Our Father which art in heaven (AV)
Our Father who art in heaven (RSV)

Maybe it was different in the 17th century, but isn't "which" used to reference something whereas "who" is used to reference someone? Saying "Our Father which art in heaven" seems strange to me.


----------



## Phil D. (Jan 12, 2015)

It was a common convention in 17th Century English to use "which" in reference to persons, especially when their function or role (such as "father") was a point of emphasis.


----------



## Miss Marple (Jan 12, 2015)

I always say "who," because I consider "which" to refer to an inanimate object.


----------



## VictorBravo (Jan 12, 2015)

Miss Marple said:


> I always say "who," because I consider "which" to refer to an inanimate object.



True enough for modern usage, but up to the 19th century, it was perfectly acceptable to use "which" as a relative pronoun for persons.

You could probably even make an argument that "which" is more precise than "who" in this case. "Which" distinguishes, "who" merely references.

For example: there are two twin brothers and you meet one of them for the first time. You might ask "which one are you?" That's distinguishing. If you meet someone you know nothing about, you might ask, "who are you?" That's getting information.

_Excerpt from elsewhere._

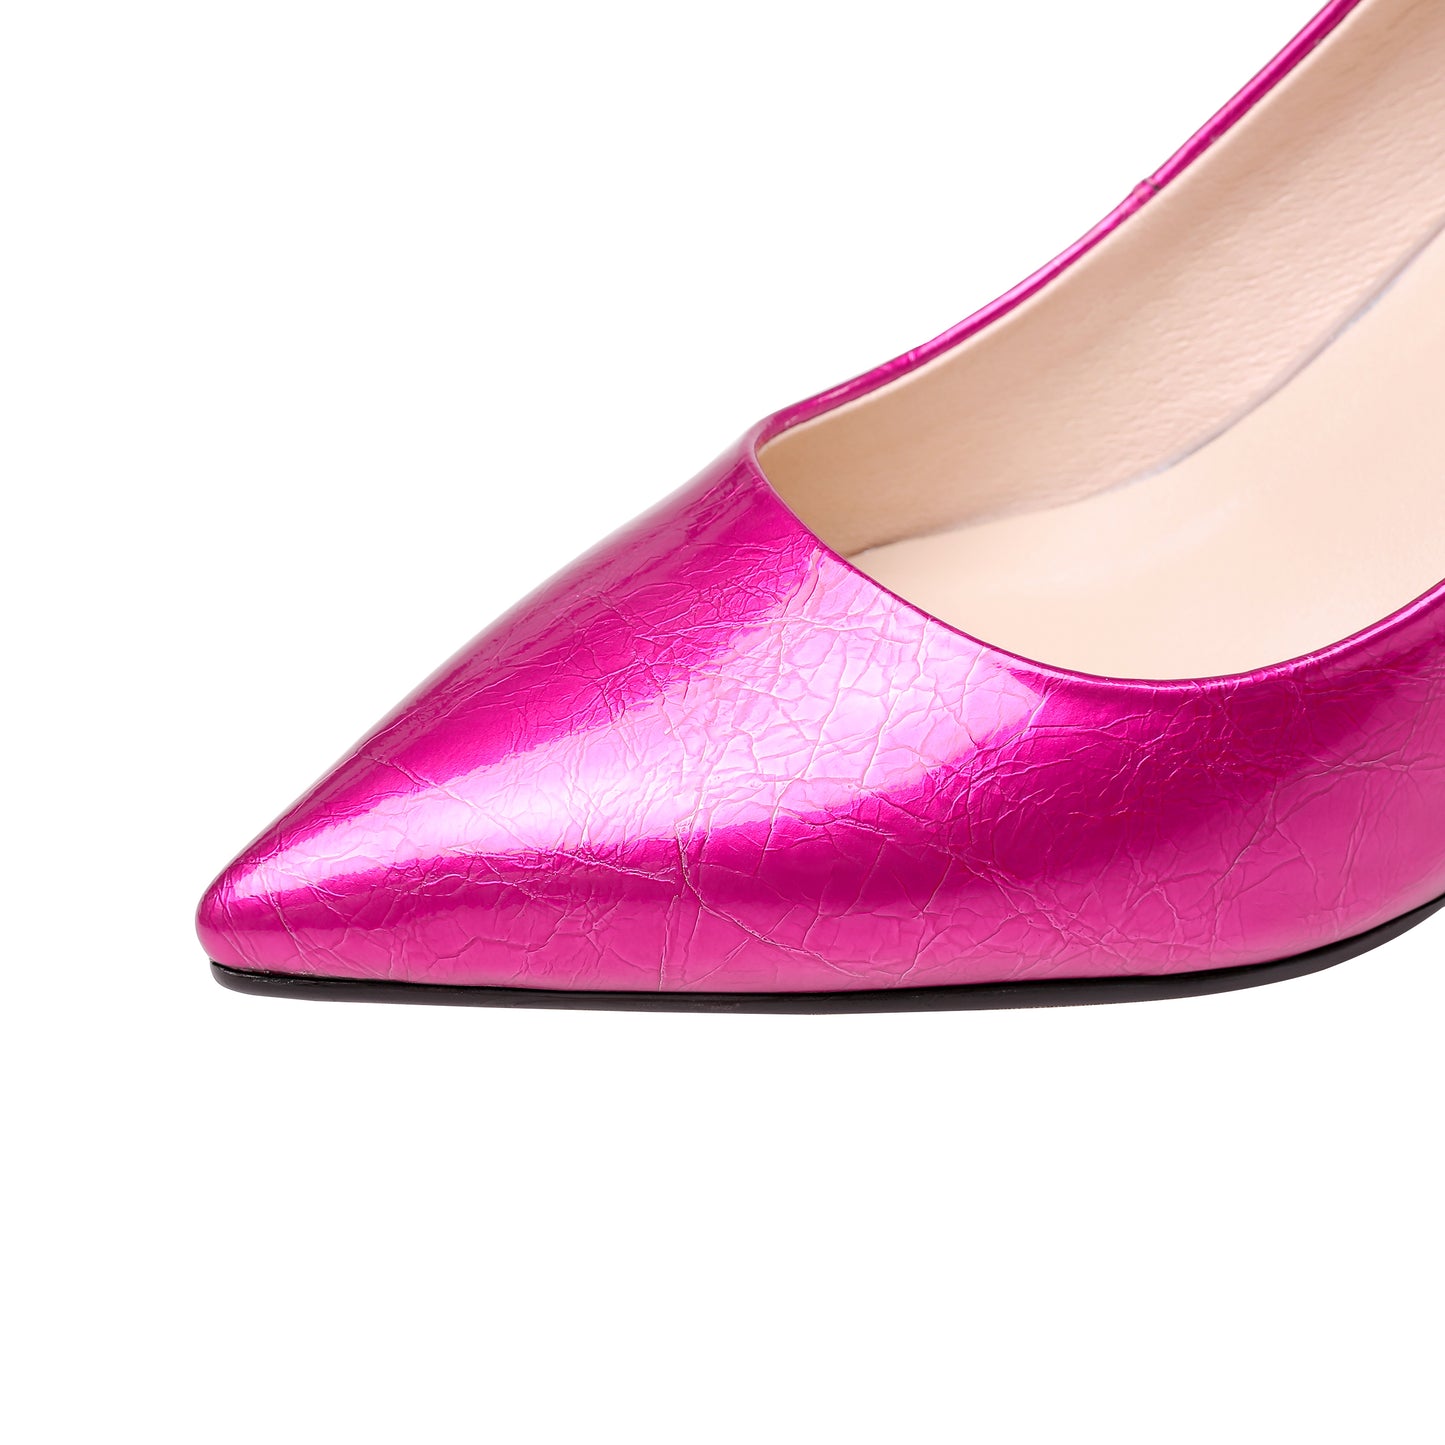 TinaCus Women's Handmade Glossy Patent Leather Sexy Kitten Heel Pointed Toe Glitter Elegant Pumps

So, "our Father, which..." distinguishes: He is the one and only heavenly Father as opposed to any other possible father, like a particular Christian family's father that we presume is in heaven after his death.

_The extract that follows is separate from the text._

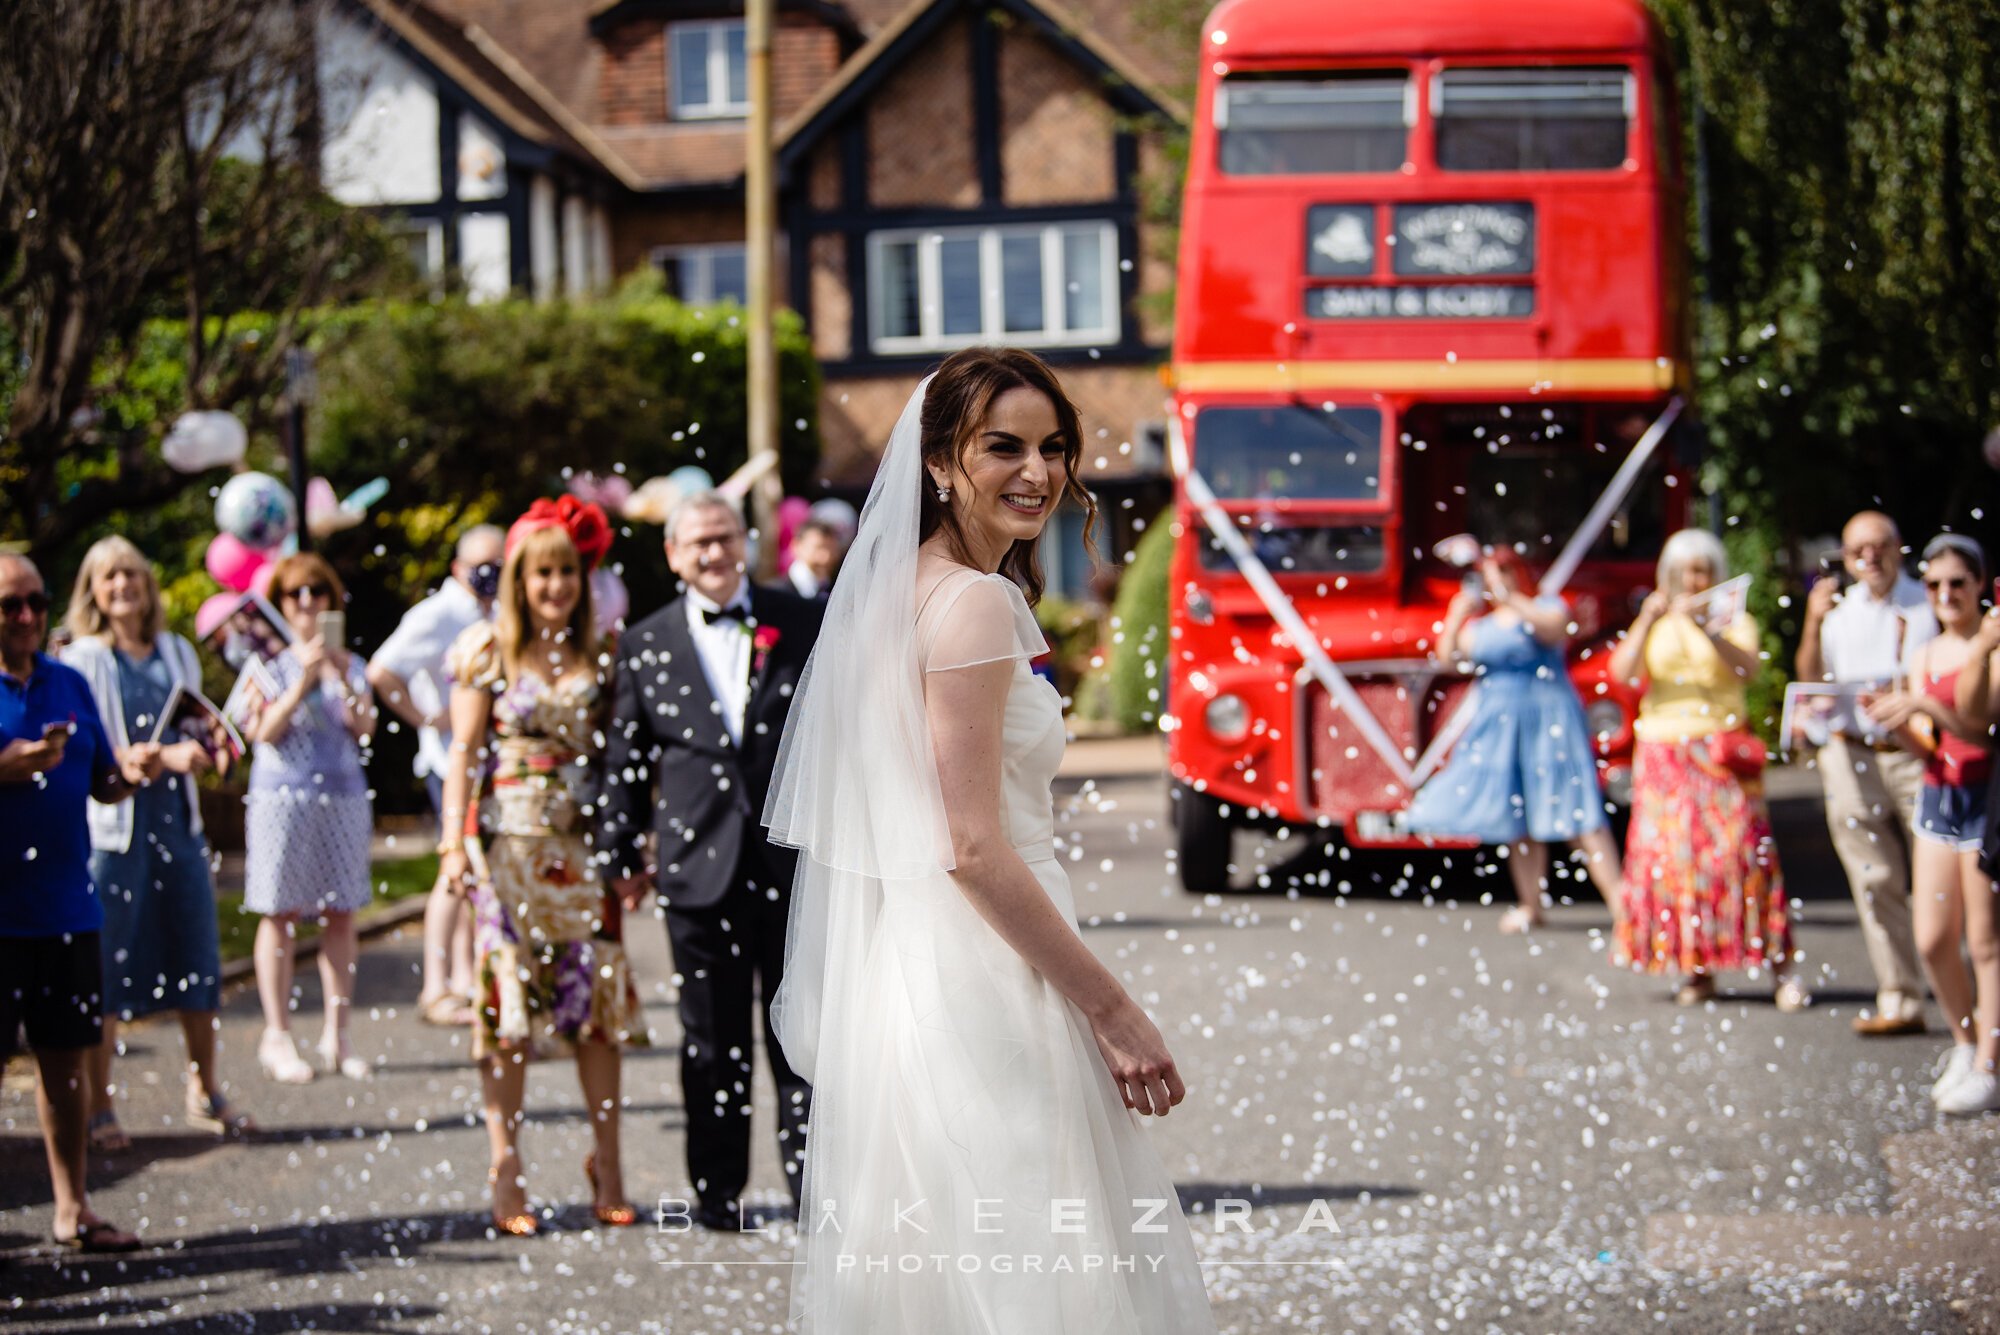 Beautiful bride Samantha wore a wedding dress by Halfpenny London

But that is a quibble. The usage was fine, but modern English now disapproves of it. But when you read older books, you take them on their terms.


----------



## chuckd (Jan 13, 2015)

Phil D. said:


> It was a common convention in 17th Century English to use "which" in reference to persons, especially when their function or role (such as "father") was a point of emphasis.

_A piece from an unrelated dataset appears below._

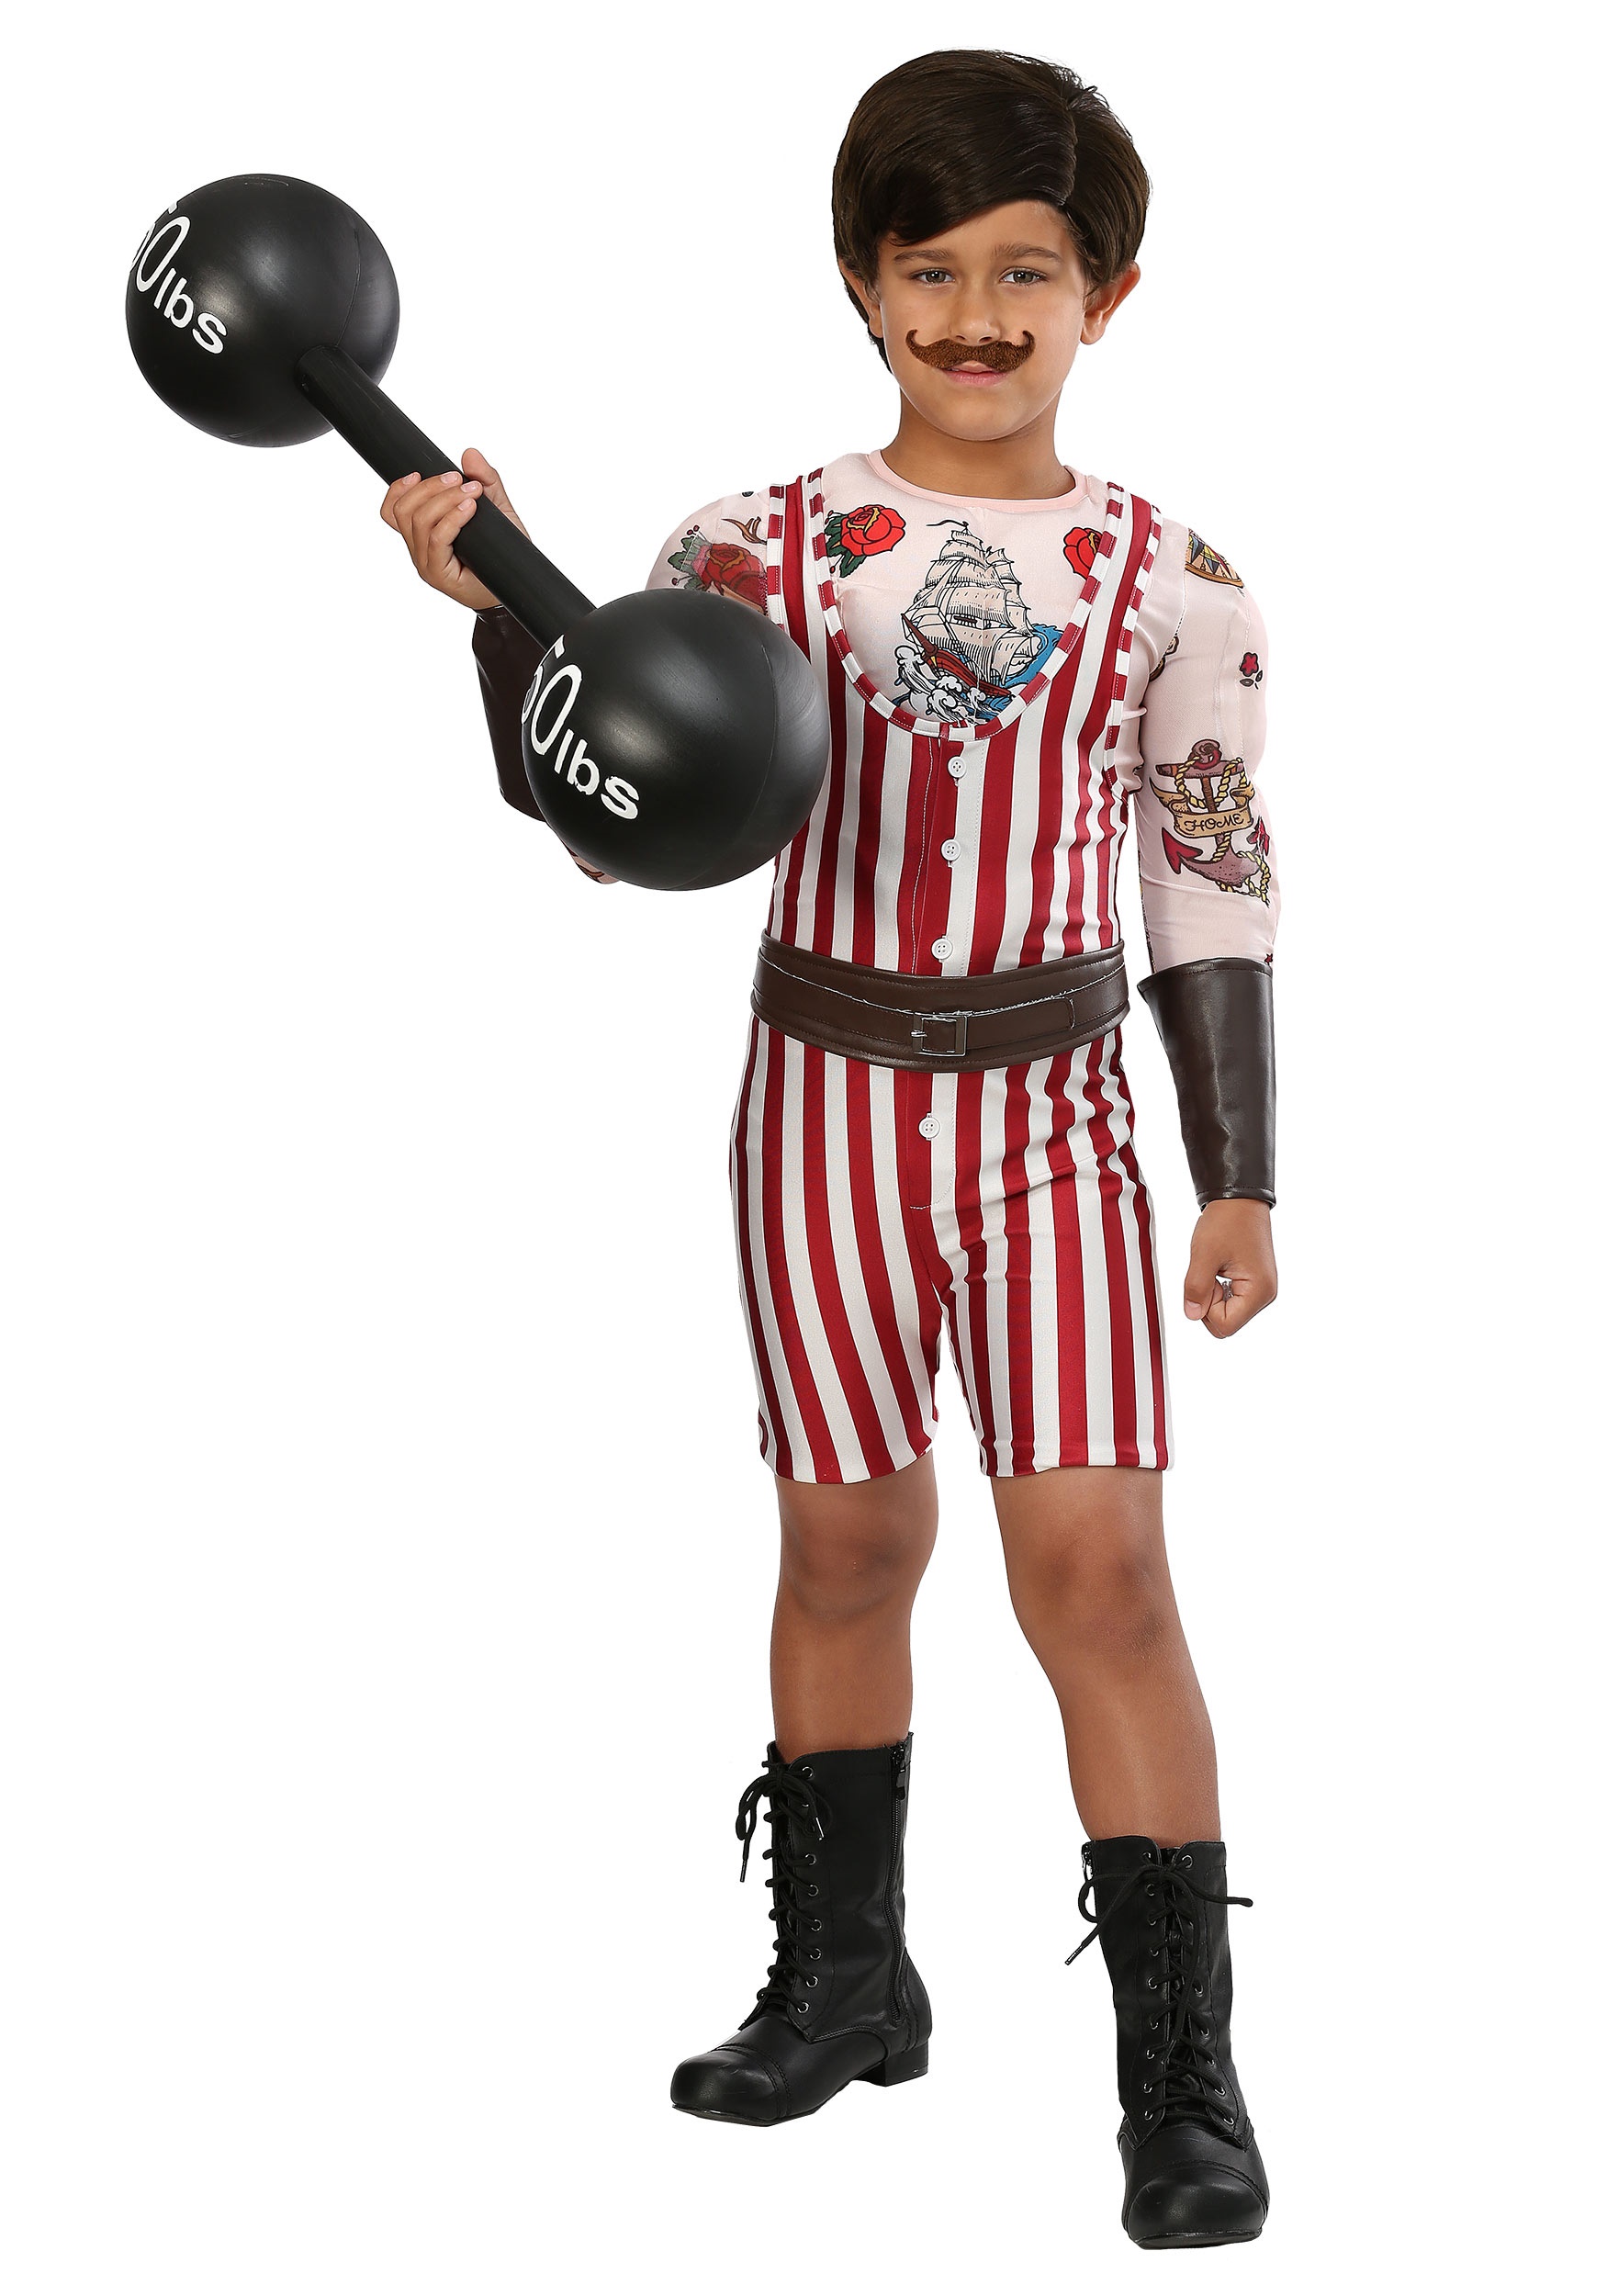 10+ Circus strongman costume diy ideas in 2022

This is what I suspected. Thanks.


----------



## Pilgrim Standard (Jan 13, 2015)

VictorBravo said:


> Miss Marple said:
> 
> 
> > I always say "who," because I consider "which" to refer to an inanimate object.
> ...



That was brilliant... okay now Call me simple if you will.


----------



## Backwoods Presbyterian (Jan 13, 2015)

VictorBravo said:


> Miss Marple said:
> 
> 
> > I always say "who," because I consider "which" to refer to an inanimate object.
> ...



Thank you for reminding me that my knowledge of English remains on the "second language" level.


----------